Sauna ve hamamlar ise hamilelik sırasında önerilmez.

Bu farklı tedaviler hamilelik rahatsızlıklarını önlemeye ve rahatlatmaya yardımcı olabilir: kas gerginliği, bel ağrısı, ağır bacaklar vb. Yüzme havuzundaki egzersizler, termal su veya deniz suyunun faydalı etkisinden yararlanarak neredeyse ağırlıksız hareket etmenizi sağlar. Bu eklem ve kas gevşetme çalışması, anne adayının daha iyi uyum sağlamasına yardımcı olacaktır. vücudundaki değişikliklere. Ancak bu doğum öncesi tedaviler her şeyden önce bir esenlik ve rahatlama anı, anne adayının hamileliğine odaklanabileceği bir mola ve bebeğinin günlük hayata gelişine bazen bu iç gözlem için çok az yer bırakan bir mola. . hayırsever.
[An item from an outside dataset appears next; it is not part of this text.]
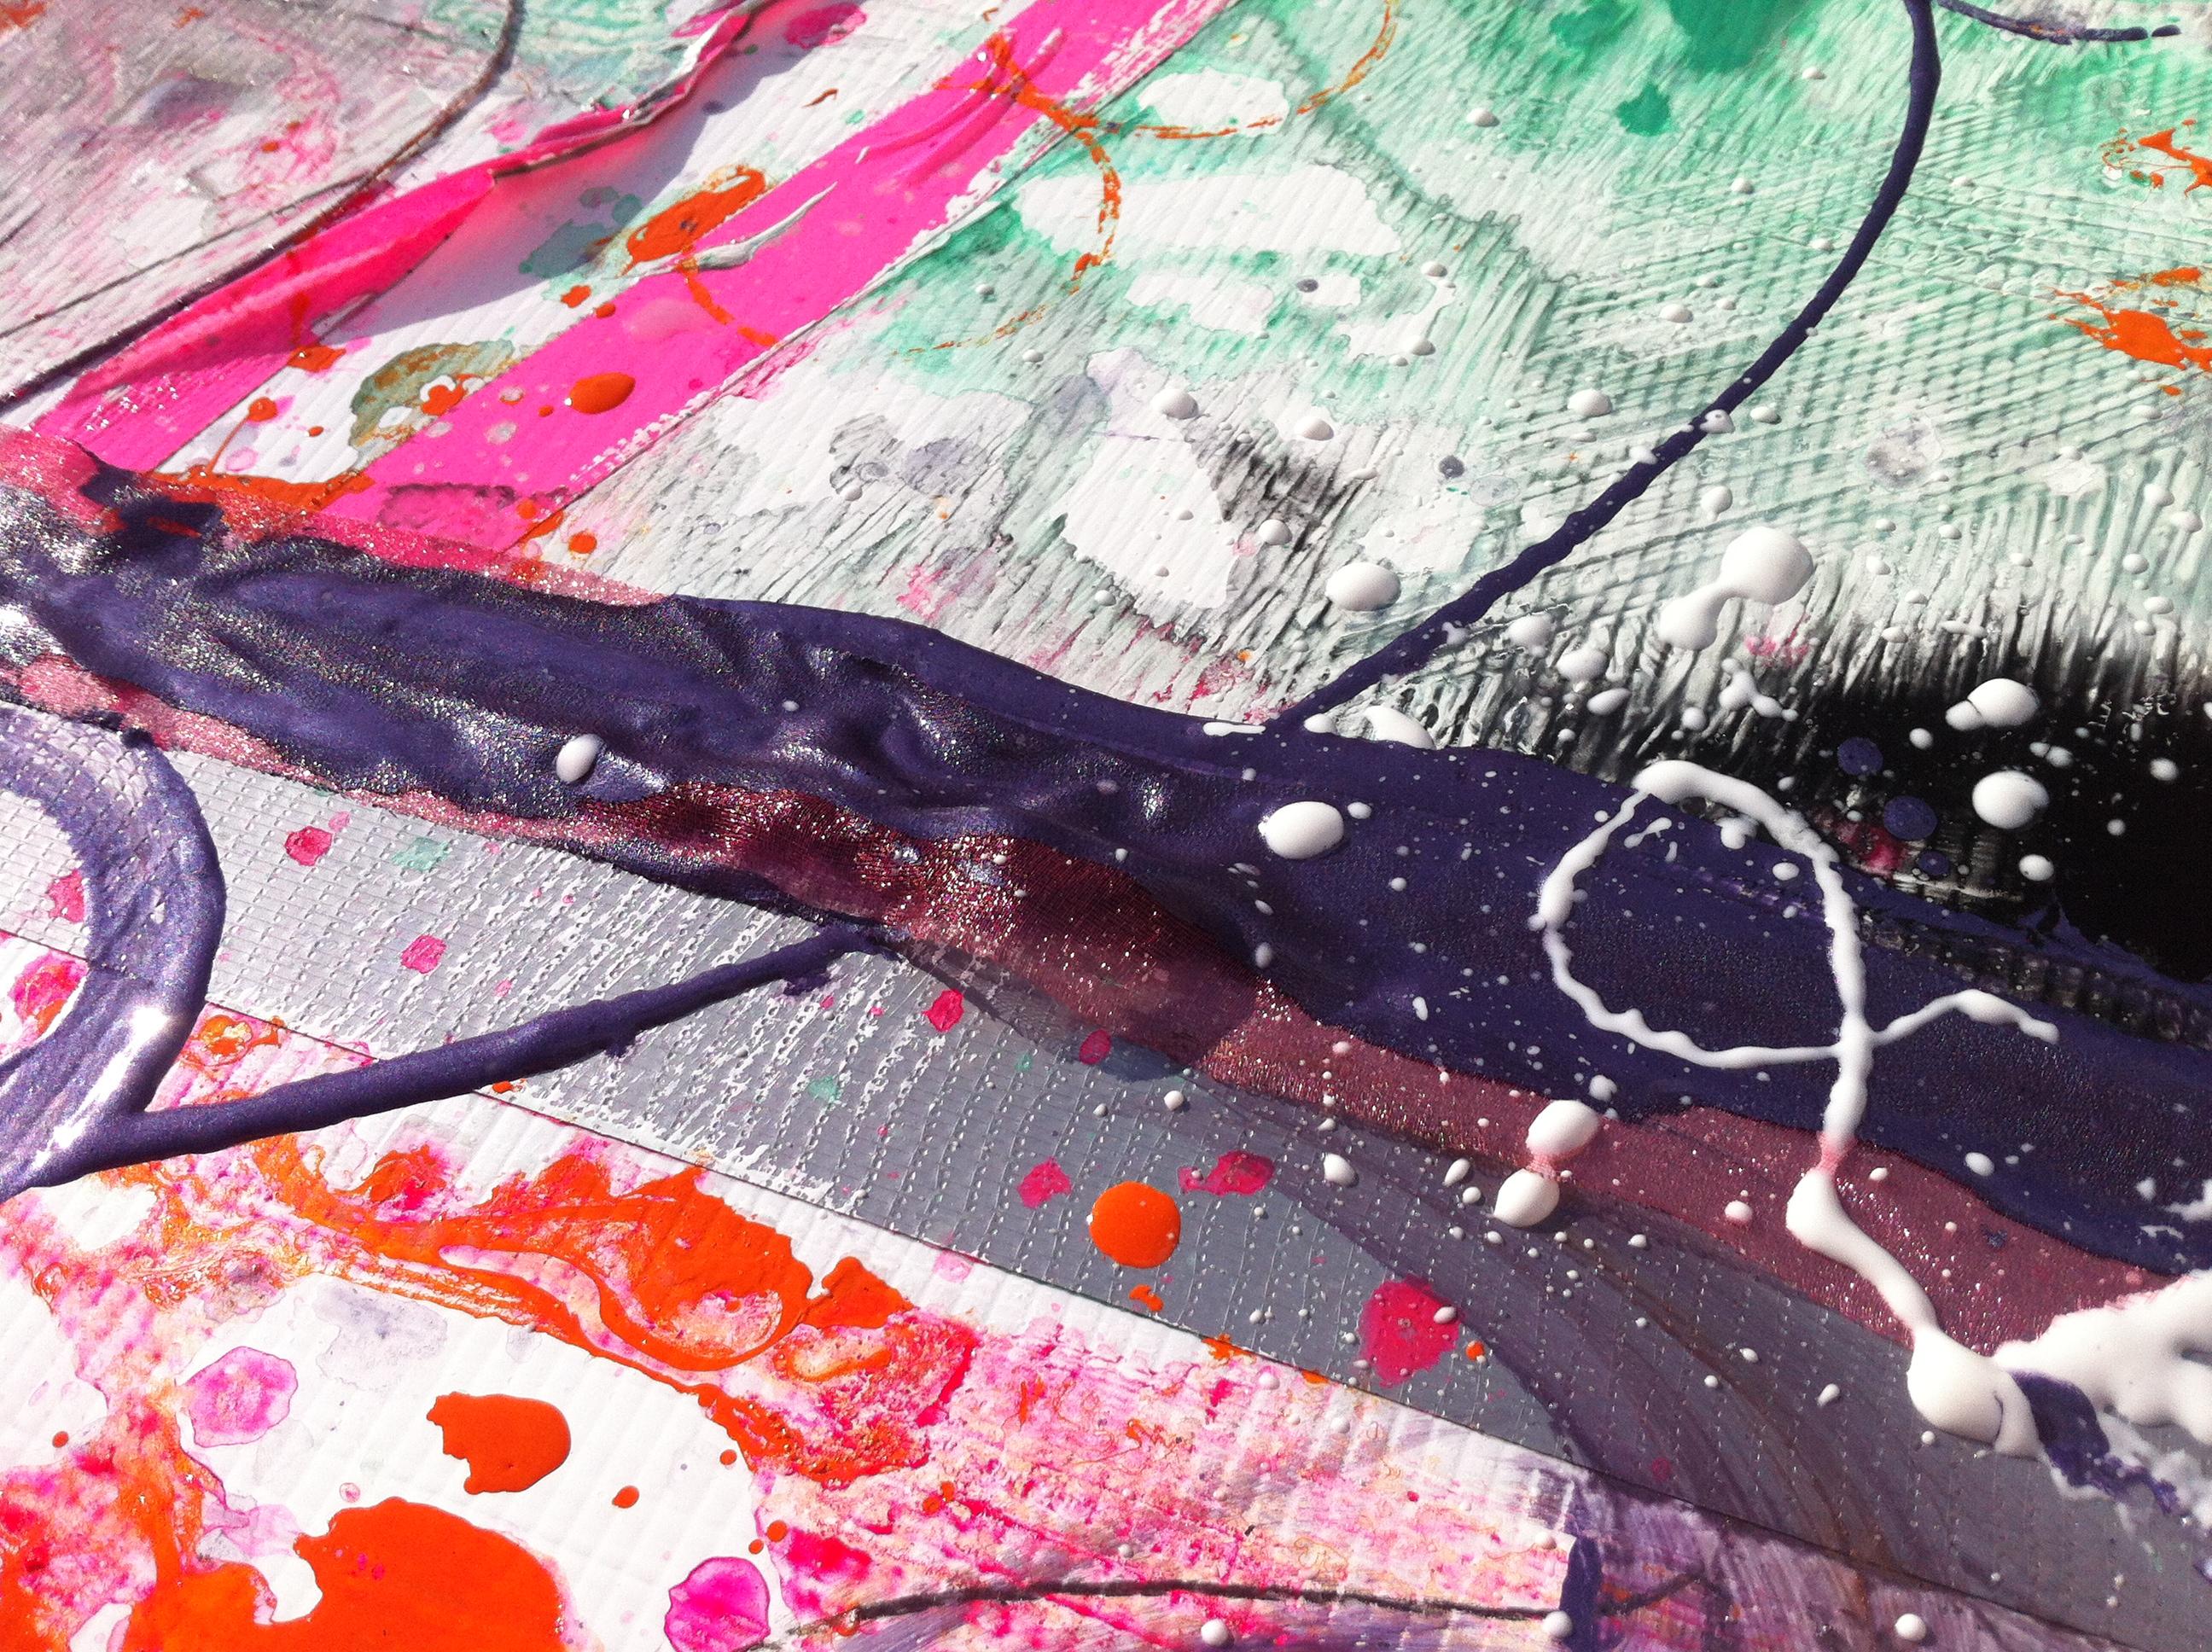 samantha clark art poetry fluoro pink 5

Doktor tarafından reçete edilen ve ücreti Sağlık Sigortası tarafından ödenen termal kürlerden farklı olarak bu doğum öncesi kürler karşılanamaz.

Döllenme ne kadar sürede gerçekleşebilir?

“Doğurganlık penceresi” oldukça kısadır: ayda sadece 3 ila 5 gün. Hem yumurtlanan oositin ömrüne hem de spermatozoanın ömrüne bağlıdır.

  • tüpte bir kez, oosit sadece 12 ila 24 saat içinde döllenebilir. Bu süre geçtikten sonra kendiliğinden dejenere olur;
  • Sperm 3 ila 5 gün boyunca döllenmeye devam edebilir.

Döllenme ancak oosit döllenebildiğinde gerçekleşebilir, yani yumurtlamadan 12 ila 24 saat sonrasına kadar. Ancak yumurtlamadan önce gerçekleşen ilişkiden sonra döllenmeye devam eden sperm tarafından döllenebilir. Doğurganlık penceresi, yani ilişkinin potansiyel olarak döllenmeye yol açabileceği dönem, bu nedenle yumurtlamadan 3 ila 5 gün önce (spermin ömrünün uzunluğuna bağlı olarak) ve yumurtlamadan 12 ila 24 saat sonra (ömrüne bağlı olarak) oosit).

Bu nedenle, yumurtlamadan 1 veya 2 gün önce en az bir ilişki, ardından yumurtlama gününde başka bir ilişkiye girmek iyi bir fikir gibi görünüyor.